• [Data segment]:
■ ■ ■

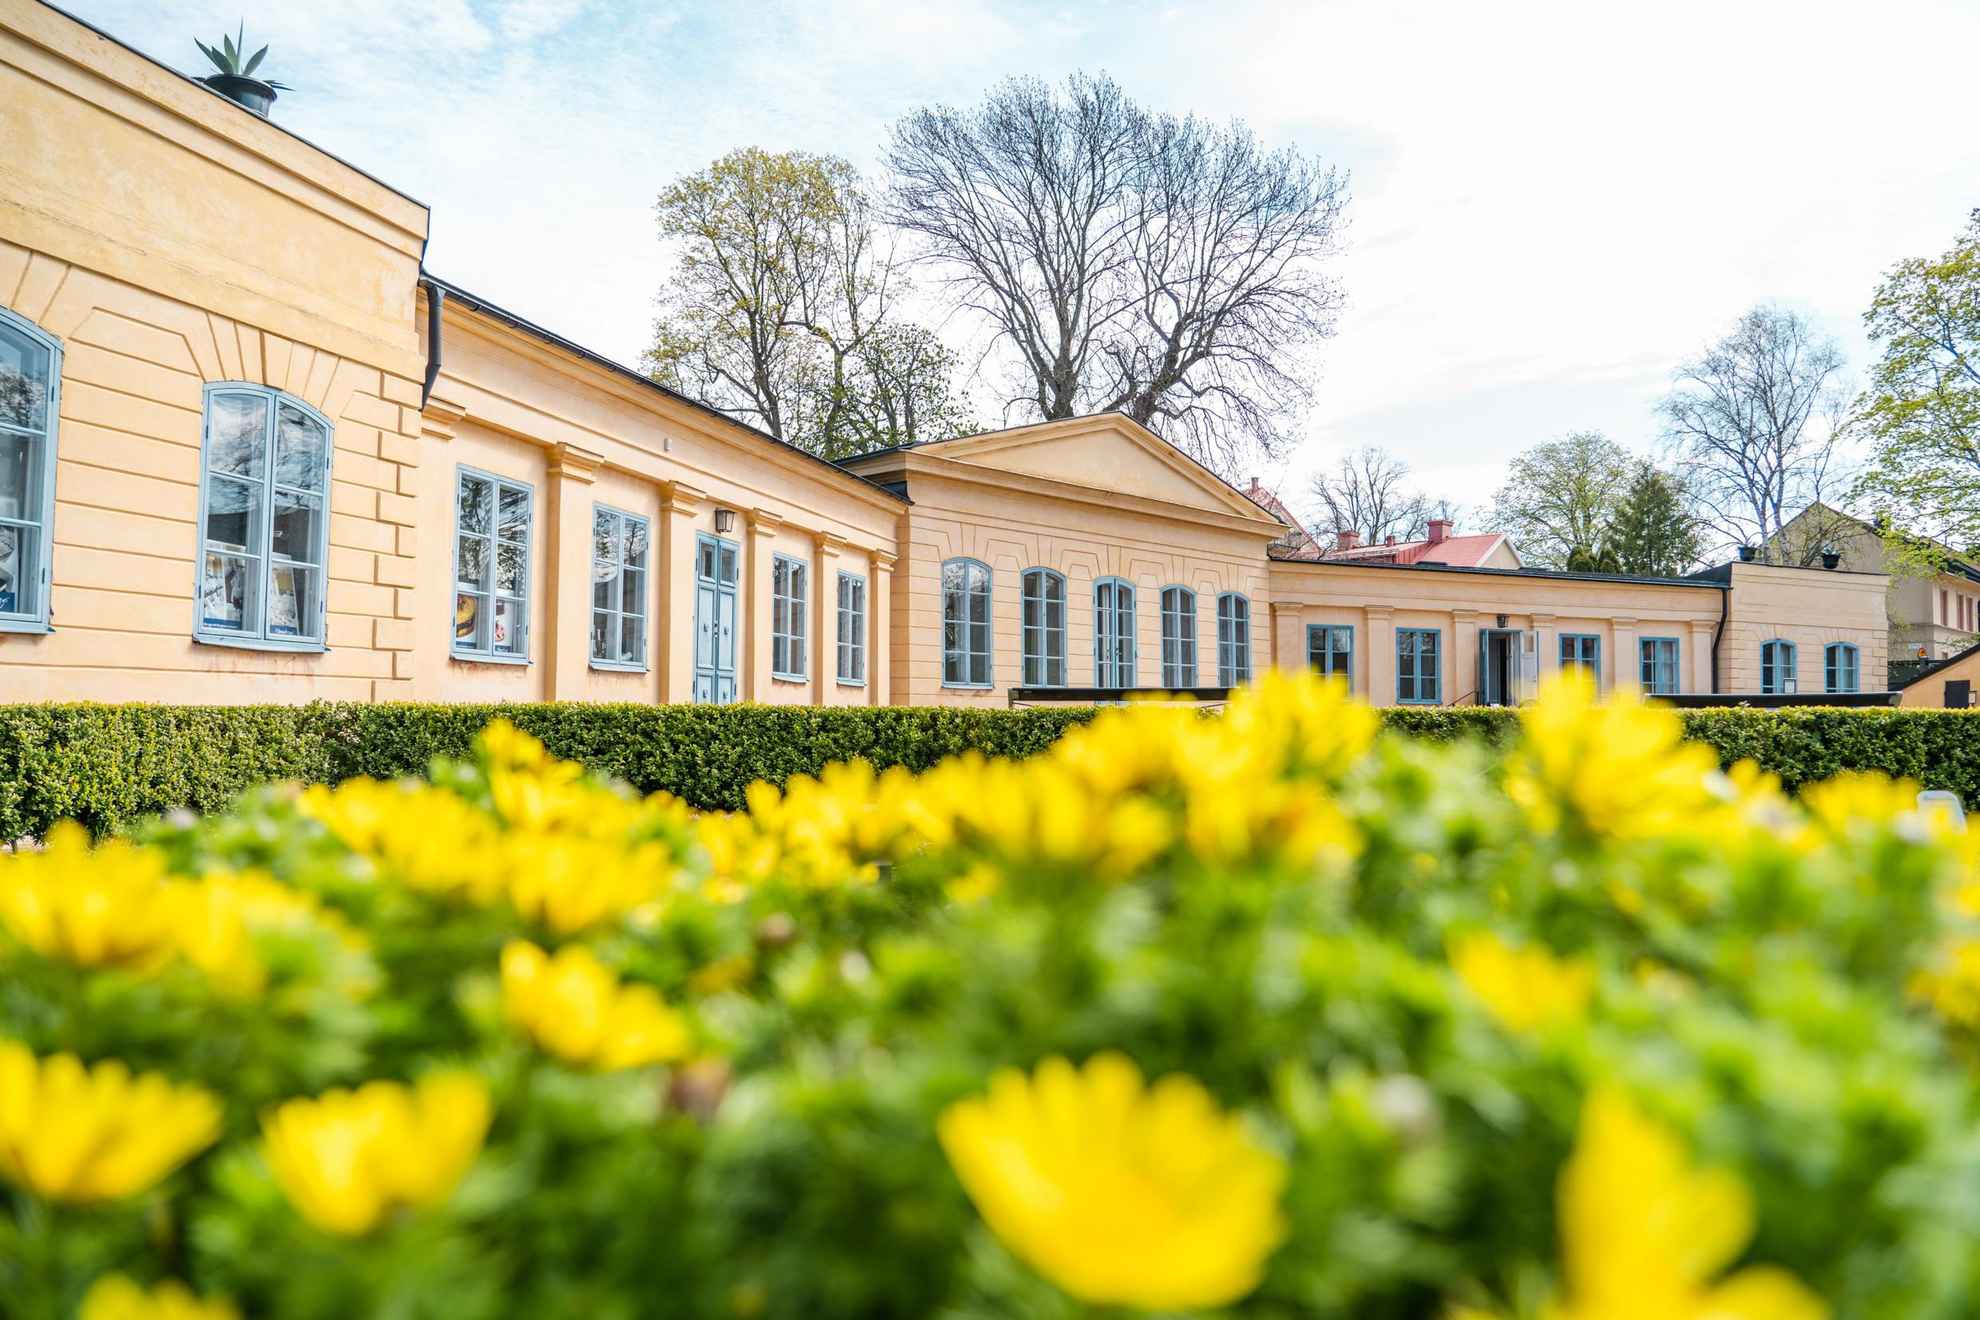 The Linnaeus museum, an old orange stone house, behind a yellow flower bed.
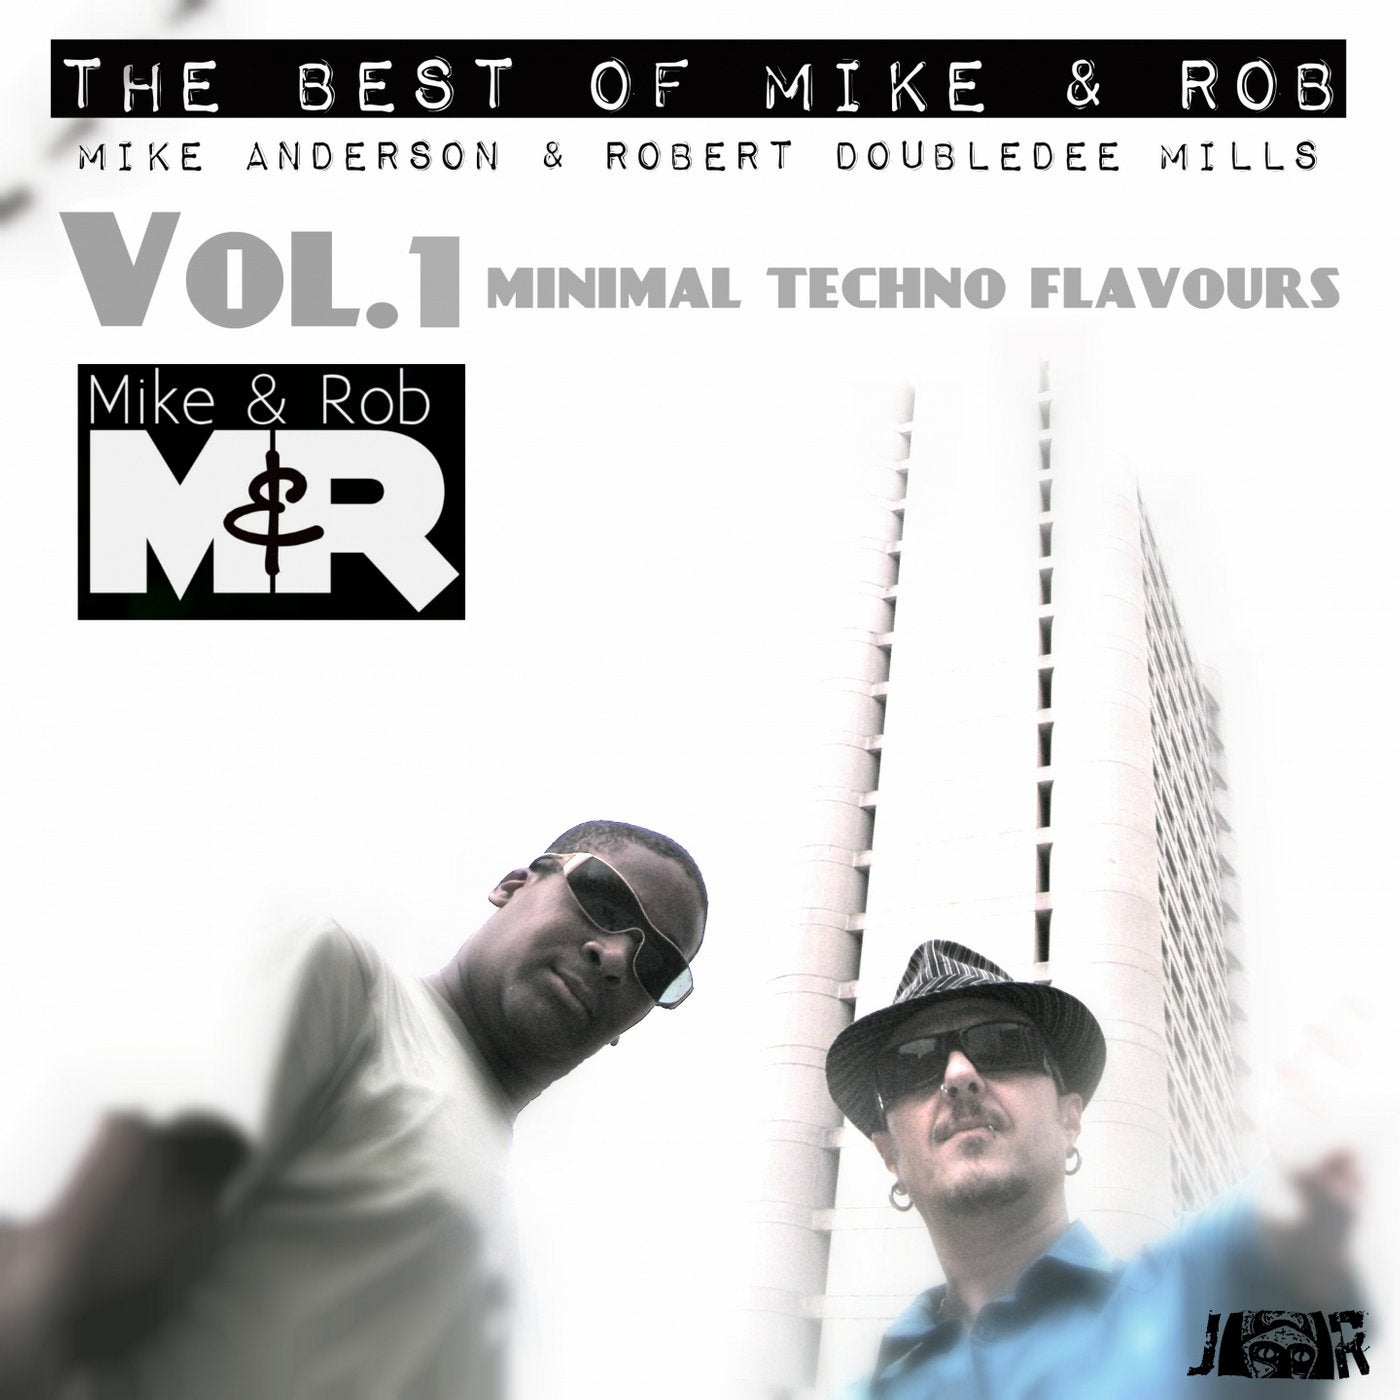 The Best of Mike & Rob, Vol. 1 (Minimal Techno Flavours)
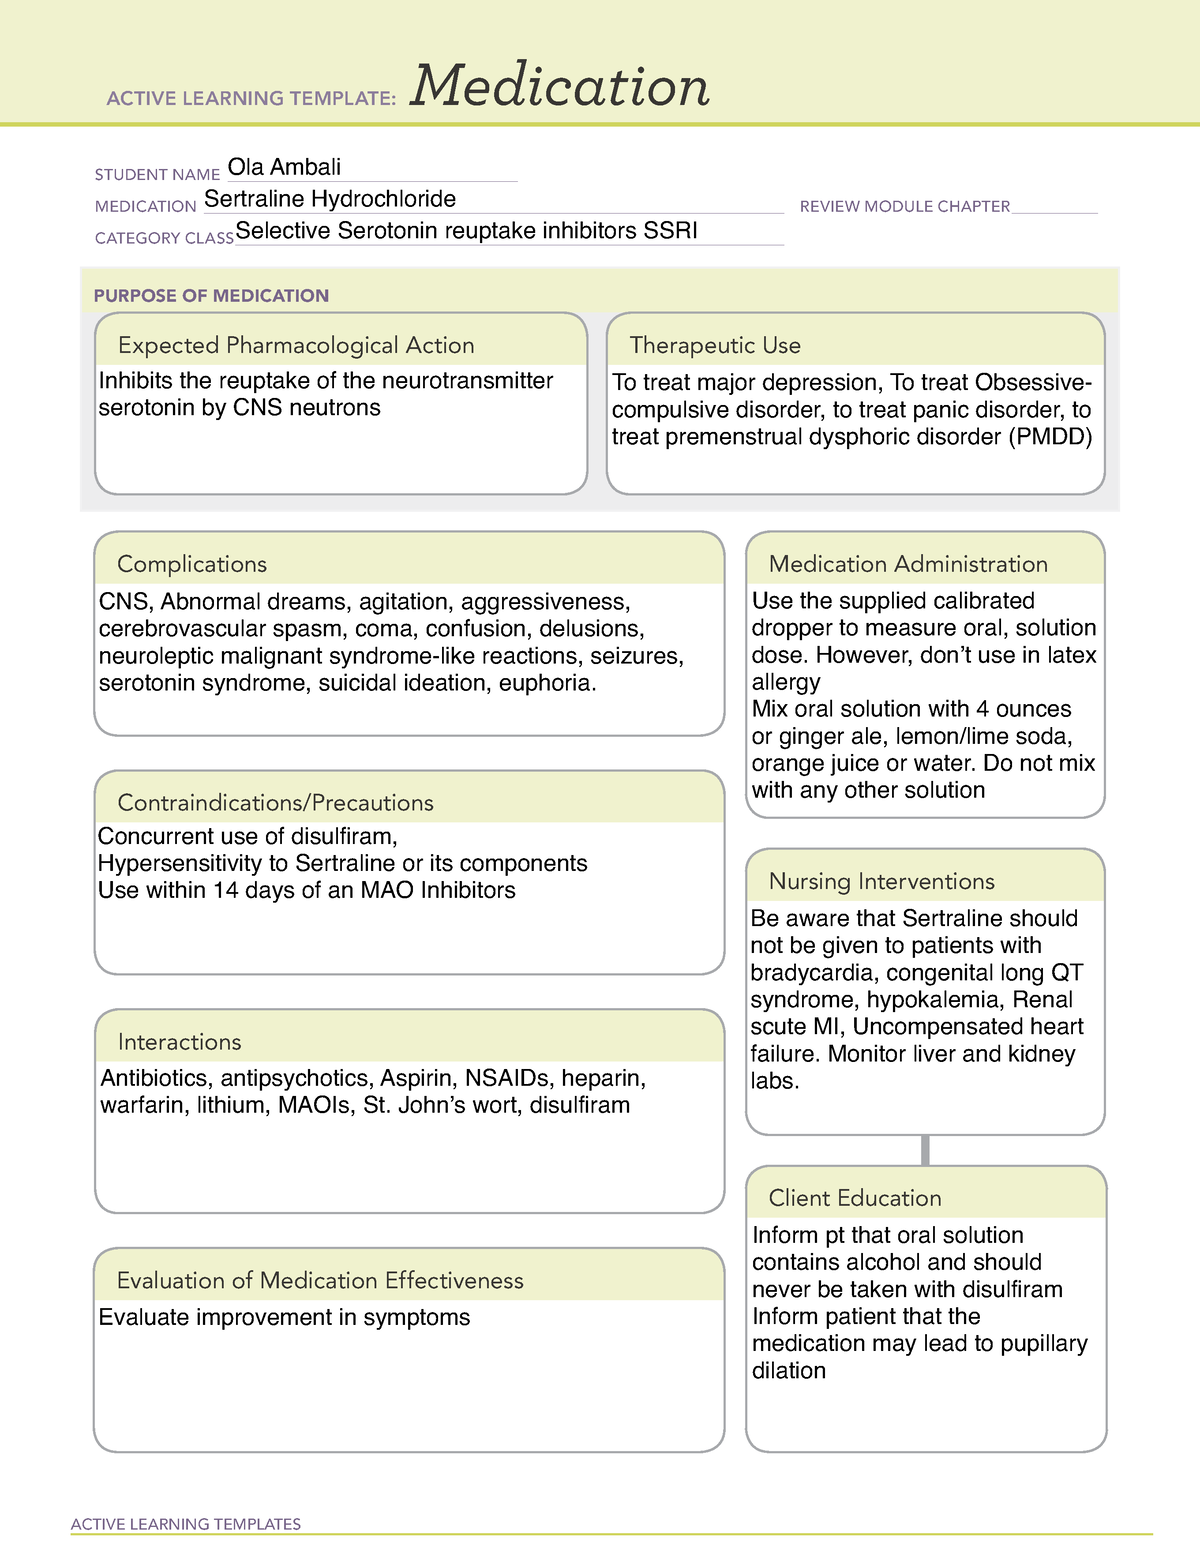 Sertraline hydrochloride MED TEMPLATE ACTIVE LEARNING TEMPLATES

■ ■ ■

• [Assigned task]: Each line of the data above must be reproduced as written. Skip the pictures.

• [Reply]:
 The Linnaeus museum, an old orange stone house, behind a yellow flower bed.
 The Best of Mike & Rob, Vol. 1 (Minimal Techno Flavours)
 Sertraline hydrochloride MED TEMPLATE ACTIVE LEARNING TEMPLATES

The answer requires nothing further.